When using AnimatedSprite node you’re supposed to store your animations in one node and use AnimatedSprite.play("animationName") method (https://docs.godotengine.org/en/3.0/classes/class_animatedsprite.html#class-animatedsprite-play)
If you do that you don’t have to bother about hiding/showing nodes and you can also use animation_finished() event to restart your idle animation (which should be on loop unlike trick animations). Though you may want to add one extra frame to your trick animations because event triggers as soon as animation gets to the last frame so if you change it right away you may not be able to see it.
Overall it should be something like this:

func _process(delta):
	if Input.is_action_pressed("ui_Kickflip"):
	    $AnimatedSprite.play('Kickflip')
	elif Input.is_action_pressed("ui_OtherTrick"):
		$AnimatedSprite.play('OtherTrick')
	#elif ...

func _on_AnimatedSprite_animation_finished():
	if $AnimatedSprite.animation != 'Rolling':
		$AnimatedSprite.play('Rolling')

I suggest also to choose your idle animation in editor and check “playing” so it will start with idle animation right away.

Thanks G, much appreciate the tips.

ZachMoldof | 2018-11-10 19:38

func _on_AnimatedSprite_animation_finished():
if $AnimatedSprite.animation != 'Rolling':
    $AnimatedSprite.play('Rolling')

What is the exclamation mark doing? Is that saying “If the animation isn’t ‘Rolling’?”

Also, if there is any kind of introduction to script that you recommend, I would appreciate your insight.

ZachMoldof | 2018-11-10 20:58

Exactly. “Not equal”. Overall function means “When some animation is finished check if it is not idle animation that finished then start idle animation”.
As a reference you can use this:
http://docs.godotengine.org/en/3.0/getting_started/step_by_step/your_first_game.html
It explains step by step how to use AnimatedSprite for animation along with some other stuff.
First you create, name and fill your animations inside AnimatedSprite. Then in your script you define under what circumstances you change your animation and to which one. And then you connect AnimatedSprite signal animation_finished to your script so that you can restart your idle animation after trick is finished or maybe choose to restart trick animation (or don’t replace it with idle it if its looped by default) if you’re still in progress of performing your trick.
You may also consider using this instead for your animation:
Introduction to the 2D animation features — Godot Engine (3.0) documentation in English
its more flexible, but may be harder to start with.

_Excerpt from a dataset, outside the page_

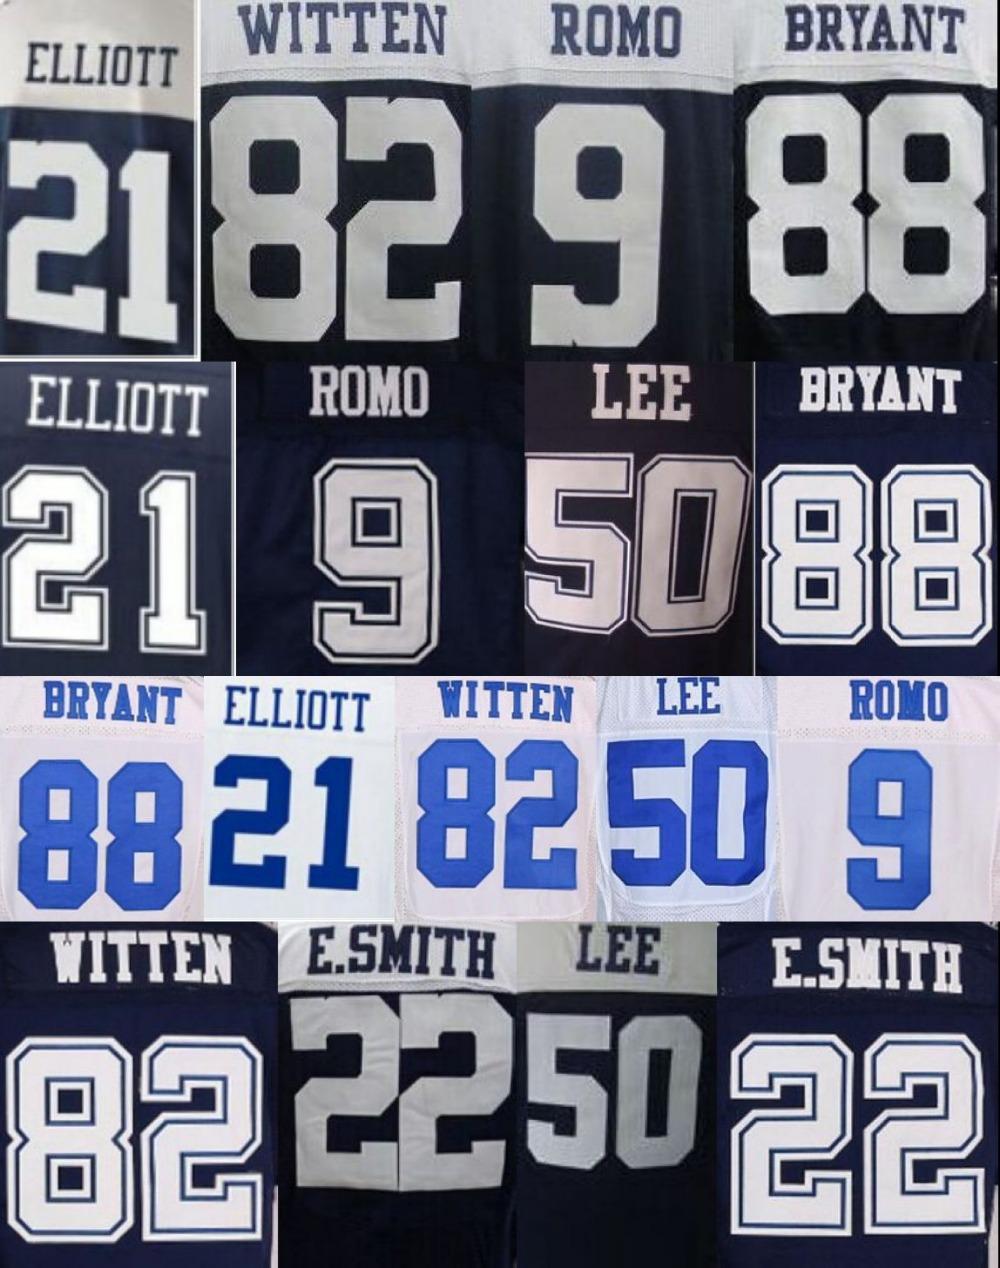 2016 New Draft #21 Ezekiel Elliott jersey 88 Dez Bryant Jersey Tony Romo 50 Sean Lee 82 Jason Witten 22 Emmitt Smith size M-3XL(China (Mainland))

Calamander | 2018-11-10 21:23

:bust_in_silhouette: Reply From: Sociopathix

I know this question is two years old and it doesn’t matter anymore, but I don’t usually know the answers to questions. Your unexpected assign is in your second if statement: “if $Kickflip.frame = 26” should be “if $Kickflip.frame == 26:”.

You’re missing a second equal sign and the colon at the end of the statement. The error is being called by the first issue, but the second will also call an error once you fix the first. When using comparison, you have to use “==” because otherwise GDScript thinks you’re trying to assign a value.